I’m really excited to be able to build up a research program in computational oncology and to assemble a diverse team of genome scientists, bioinformaticians, and molecular biologists. It is great to have more freedom, design long-term projects, and train the next generation of researchers. I don’t like to plan too far ahead, as you never know what opportunities might become available in the near future. For example, earlier this year I have started an exciting new collaboration with the Pacific Pediatric Neuro-Oncology Consortium (pnoc.us) and research groups in Switzerland that work on aggressive paediatric brain tumours. These collaborations allow us to dive into new research areas of precision medicine and to pursue genome research in the context of clinical trials.
What do you think cancer treatment will look like in 10 years’ time?
This is difficult to answer. I hope we will better understand the biology of childhood brain tumours within the next ten years and thus identify more personalised treatment strategies. A goal could be to take an upfront tumour biopsy, study patient- and cancer genomes as part of the standard-of-care package, and target specific pathways or molecular alterations with drugs or other treatment strategies. The complexity of cancer biology will probably also require tumour boards that are composed of experts in various fields, as well as quick translation of pre-clinical findings into early phase clinical trials. There might also be no single treatment strategy due to tumour heterogeneity within patients. Combinatorial personalised treatments might be more effective, yet will require extensive monitoring of tumour cells in blood and cerebrospinal fluid with emerging single cell sequencing technologies.
What advice would you give to young researchers starting out in their career?
I would encourage young researchers to follow their gut instinct and study topics that they are deeply interested in. Motivation is, in my opinion, the most important factor for solving problems and developing new skills. I also think working on several projects at once helps to overcome periods where no immediate solution can be found, as some questions require longer periods of finding an answer. Another piece of advice would be to read as much literature as possible. Many problems have been already solved in other fields and can be transferred.

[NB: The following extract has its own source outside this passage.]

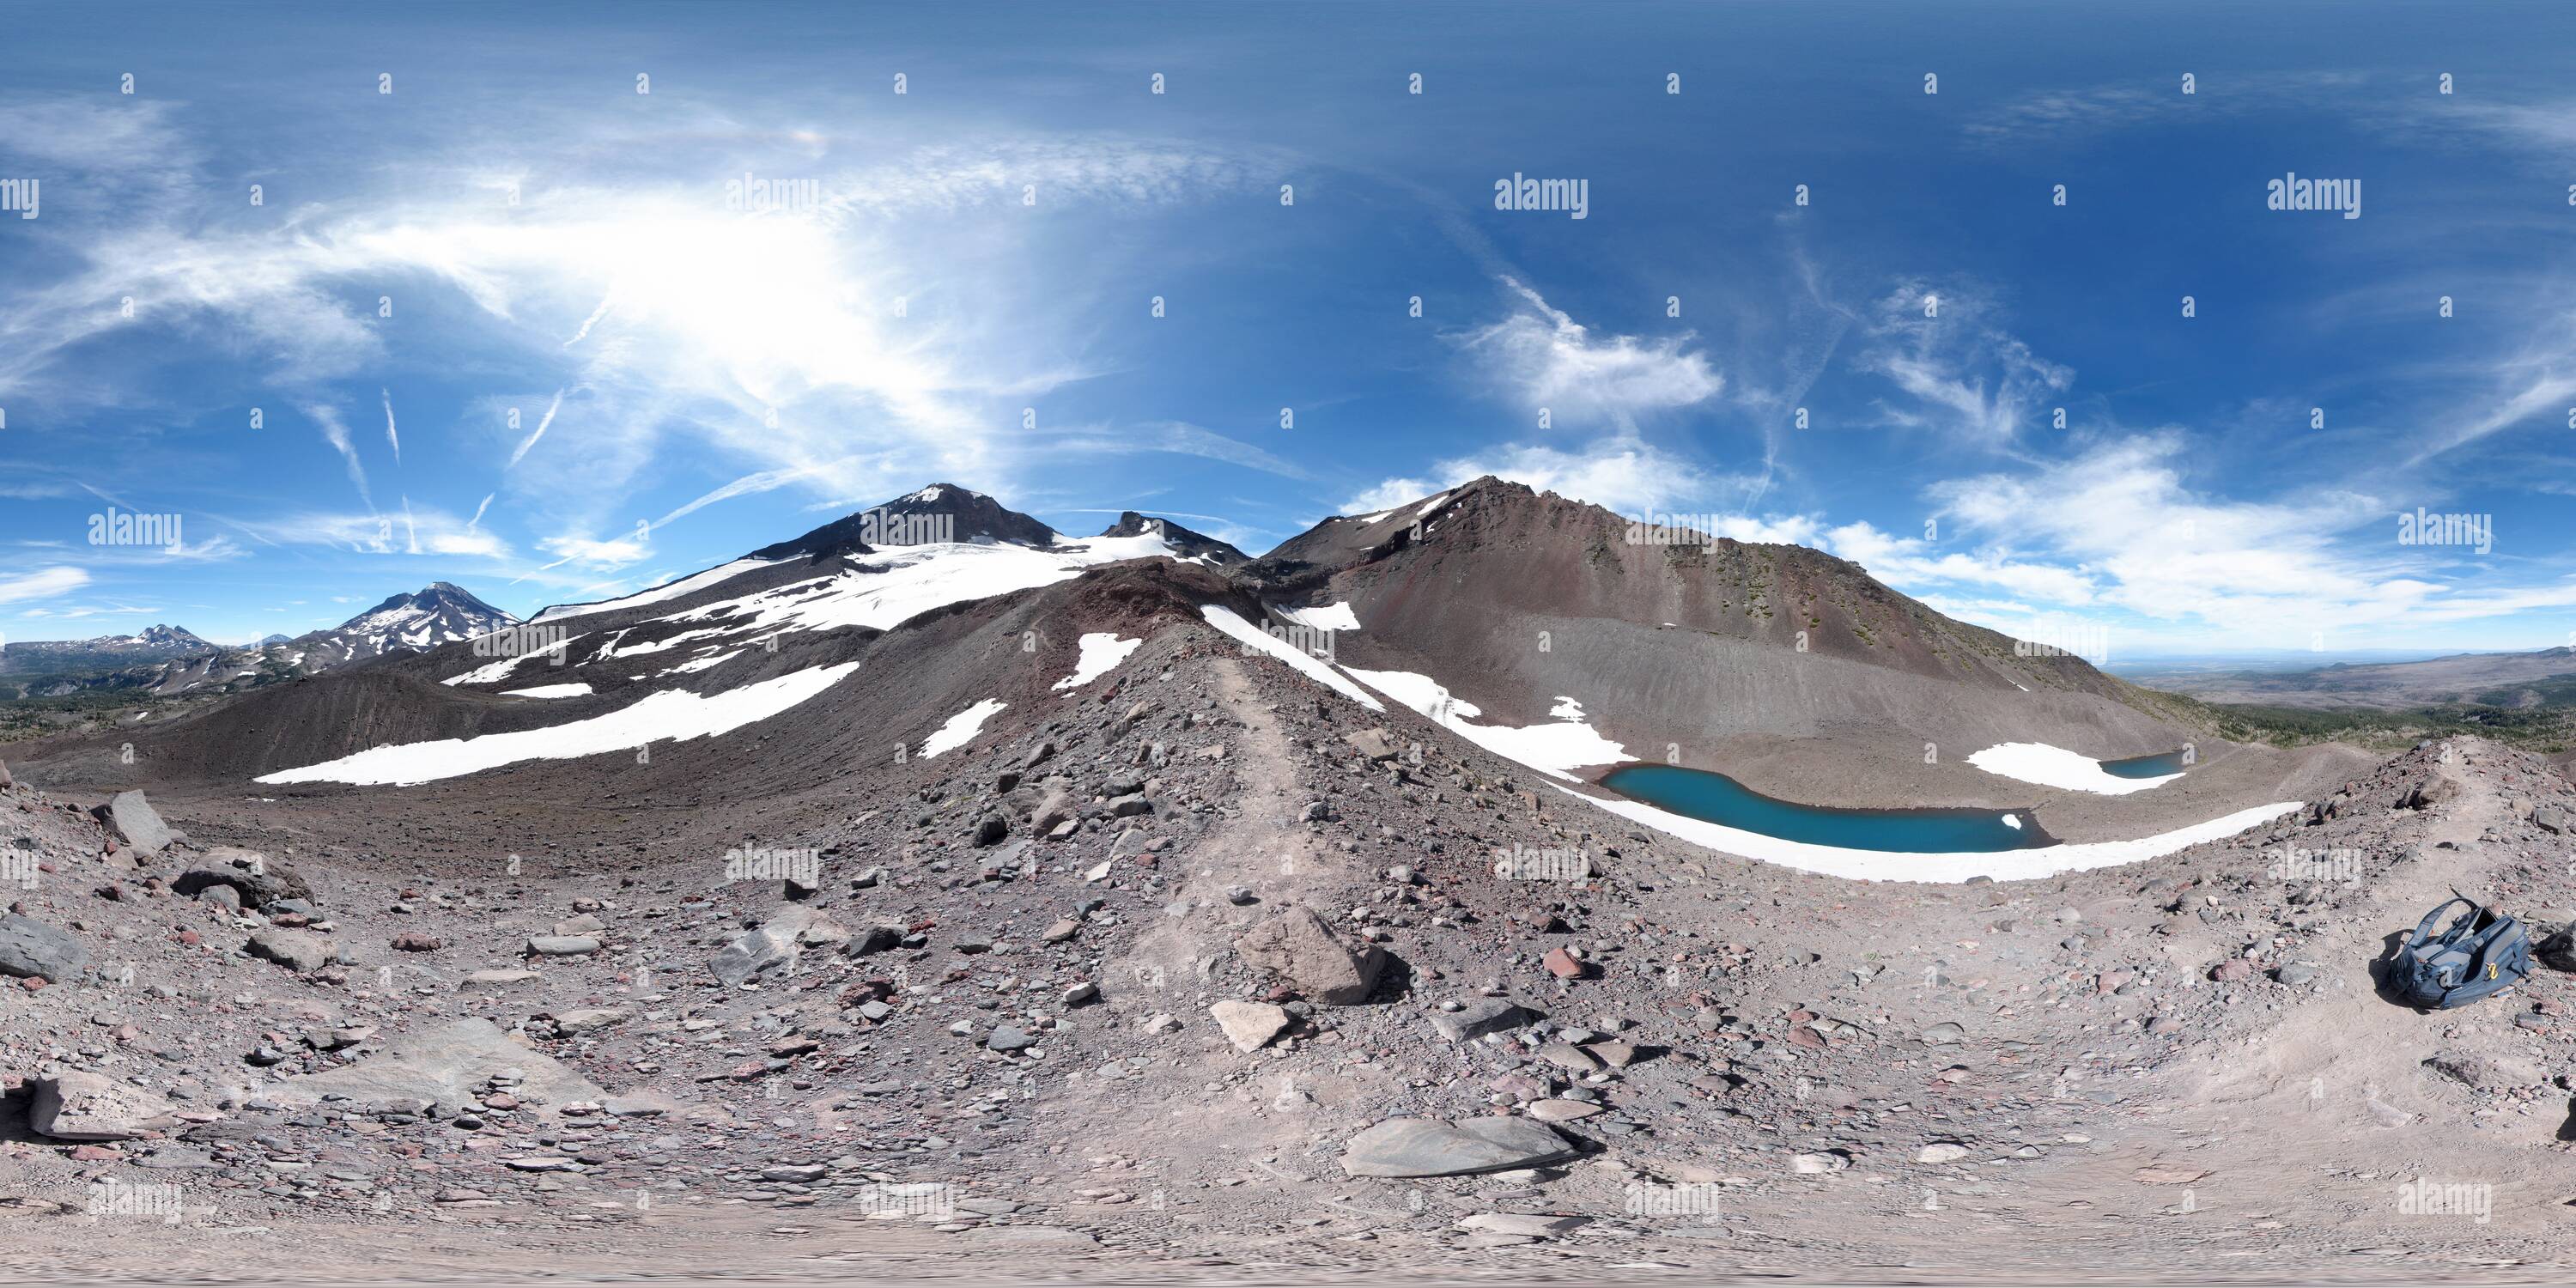 Vista panorámica en 360 grados de Hayden Glacier - morrenas lateral & tarns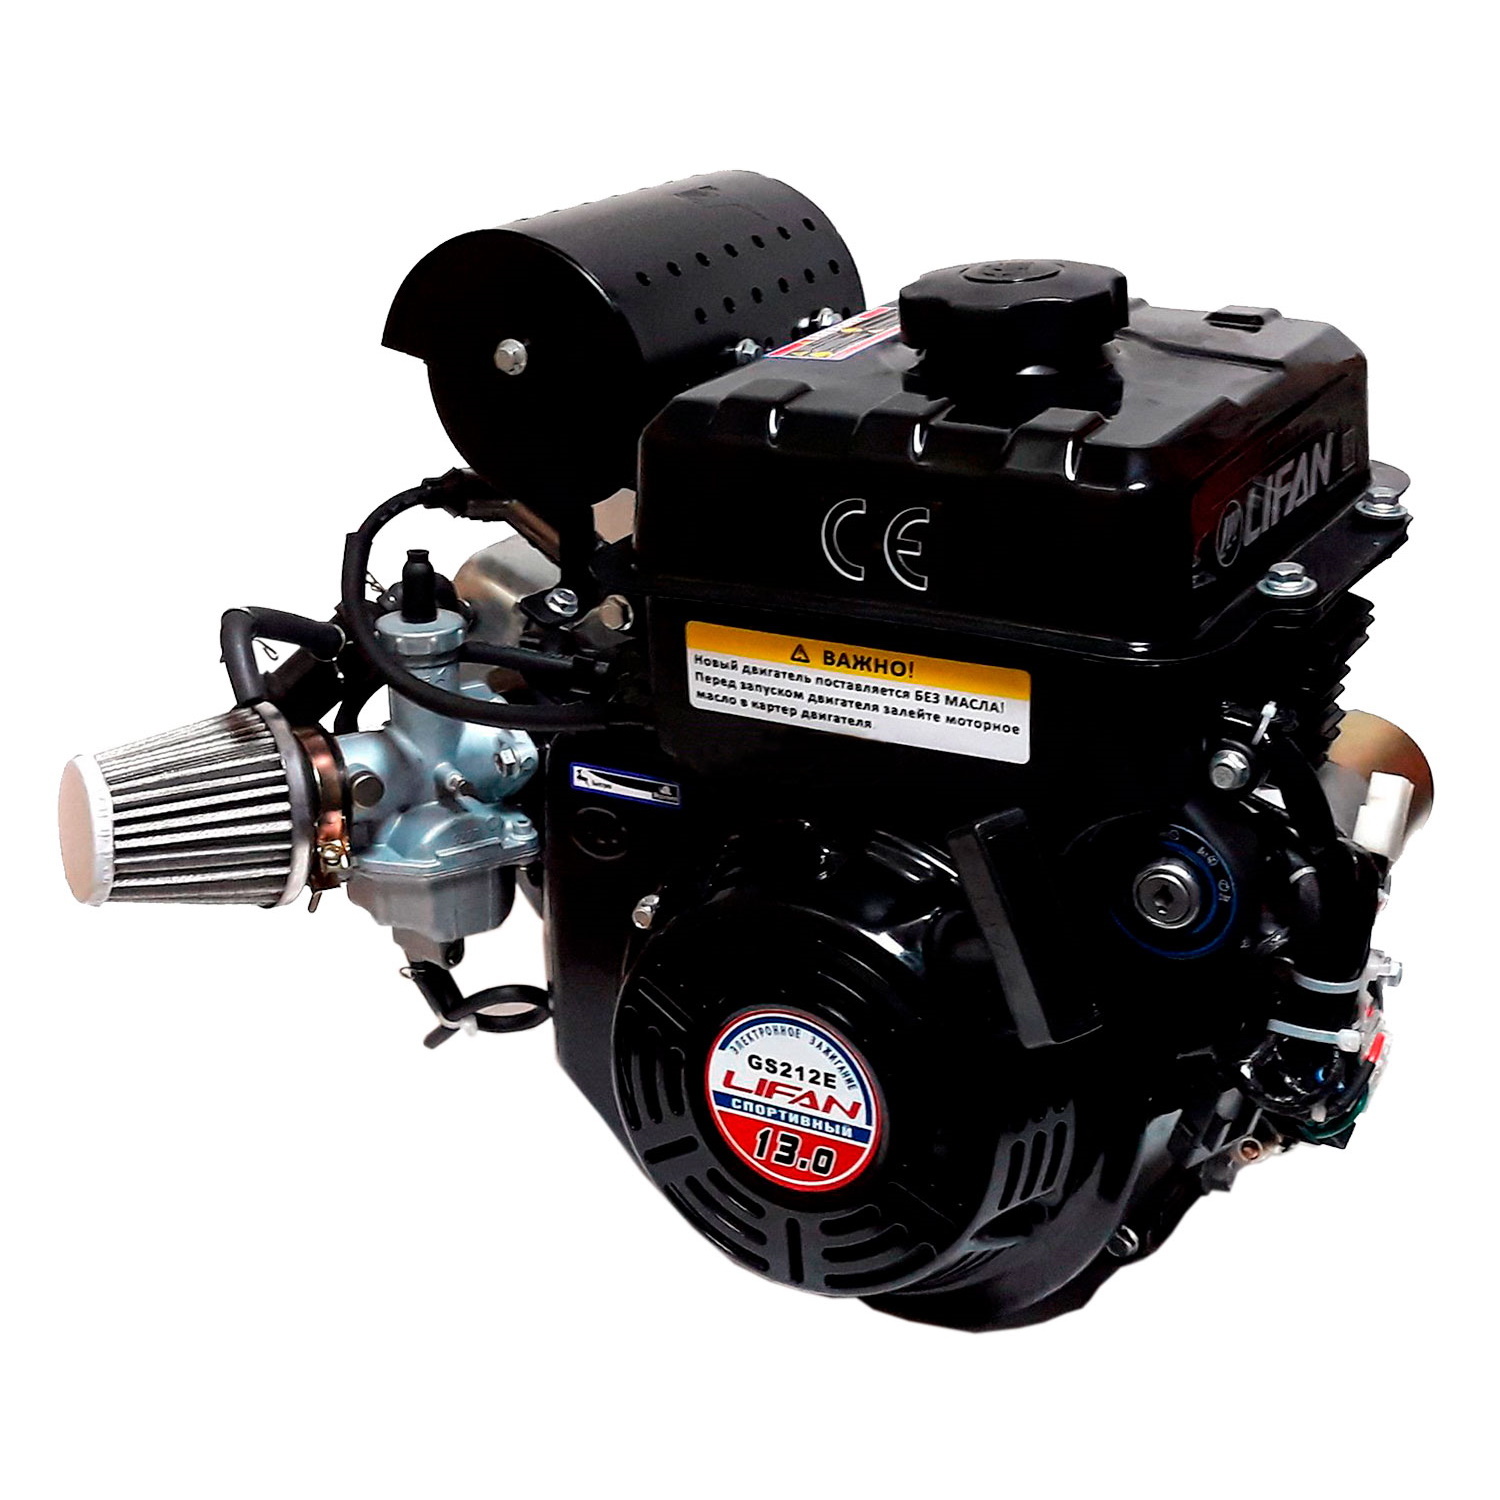  двигатель Lifan GS212E (13 л.с.). Цена на Lifan GS212E в .

What most attracted you to NCMM and Norway, and what are you most looking forward to about being based in Oslo?
I really liked that NCMM opened a call in precision medicine with a co-affiliation at the hospital, and that several research groups at the Centre also focus on rare diseases. This setup helps my group to work at the interface between basic and translational research and to identify clinically-relevant research projects. The 5+4 year model and a generous start-up package to set up an independent research group were also very attractive reasons for moving to Oslo. The fact that I could continue to stay connected with the EMBL via the Nordic EMBL Partnership was also a motivation to apply for this position. In terms of moving to Norway, I really enjoy living at the Oslofjord; I'm very much looking forward to learning how to kayak, and to exploring the fjord and nearby forests by bike.
- Waszak, Robinson, et al. Germline Elongator mutations in Sonic Hedgehog medulloblastoma. Nature (2020). 580:396–401. doi:10.1038/s41586-020-2164-5.
- ICGC/TCGA Pan-Cancer Analysis of Whole Genomes Consortium. Pan-cancer analysis of whole genomes. Nature (2020). 578:82–93.doi:10.1038/s41586-020-1969-6.
- Begemann, Waszak, et al. Germline GPR161 mutations predispose to pediatric medulloblastoma. Journal of Clinical Oncology (2019). 38:43-50. doi: 10.1200/JCO.19.00577.
- Waszak, Northcott, et al. Spectrum and prevalence of genetic predisposition in medulloblastoma: a retrospective genetic study and prospective validation in a clinical trial cohort. The Lancet Oncology (2018). 19:785–98. doi:10.1016/S1470-2045(18)30242-0.